The ideal side would be Richmond because they could then be called the “Tasmanian Tigers”. It’d also be poetic justice for what they did to the ‘Roys.
Then again, looking at Richmond today they’d probably struggle to beat Launceston reserves.
By the way, what the hell is “the Western Force”, an army reserve side?
Footnote: Mergers would (and could only) work if the new club adopted the “hyphen” principle. Eg. When Melbourne was to merge with Hawthorn it was proposed to call the club the “Melbourne Hawks” and they were to wear the Melbourne jumper with a small Hawk badge on their shorts!

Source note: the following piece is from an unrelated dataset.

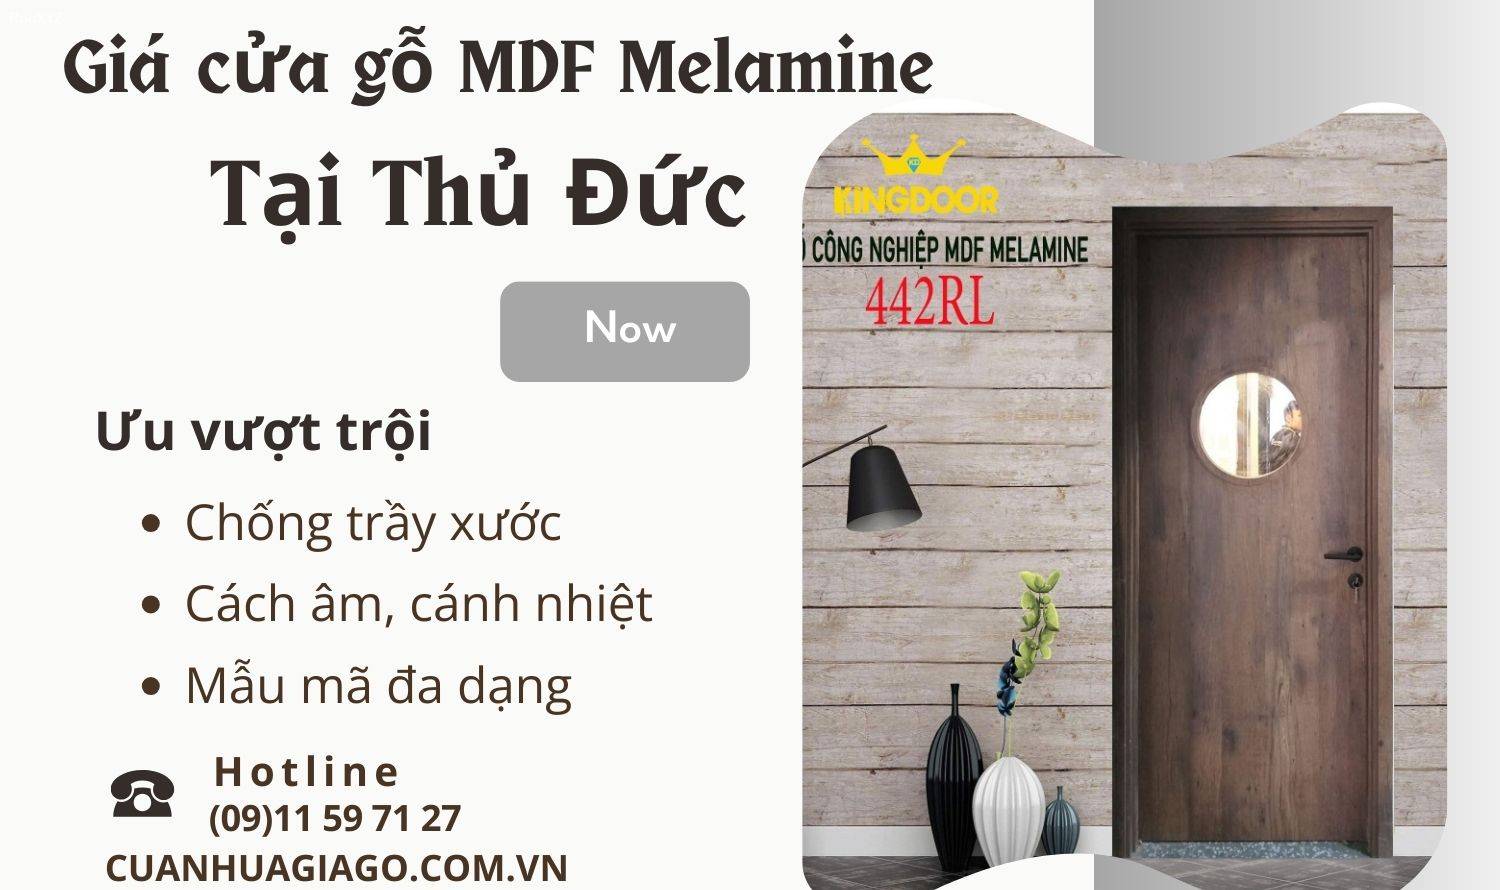 Giá cửa gỗ MDF Melamine tại Thủ Đức

Hawthorn fans understandably rejected the proposal as it meant an almost total loss of identity. If they’d adopted the name Melbourne-Hawthorn (that’s the hyphen principle) and if they alternated strips (say Melbourne colors for home, Hawthorn for away) I think it might have got up.
I guess you’ve had enough footy talk for now though.
The “hyphen” merger was proposed in the Fitzroy-North scenario; I can’t remember details of the proposed merger with Footscray. Either would have been good. As for North being too powerful, well Brisbane went on to win three flags in a row.
In 1995 Fitzroy was prepared to partially relocate to Canberra, which at that time had the Bruce Stadium and was ideal for football. It might have resulted eventually in a full relocation but with an ongoing Melbourne presence.
All those possibilities, and Tasmania, would have been preferable to what happened. It was simply the urgency to get Port Adelaide into the comp and a quirk of history (we were the most broke at the time) which worked against Fitzroy.
The current Launceston games for St Kilda and Hawthorn are only viable because they’re underwritten by the Tasmanian Government. Hawthorn-Fremantle had a crowd of 13,000. They’d get more at Albury. Fitzroy played some games in Hobart in the early 1990s without AFL or government support, but found Canberra to be more commercially viable.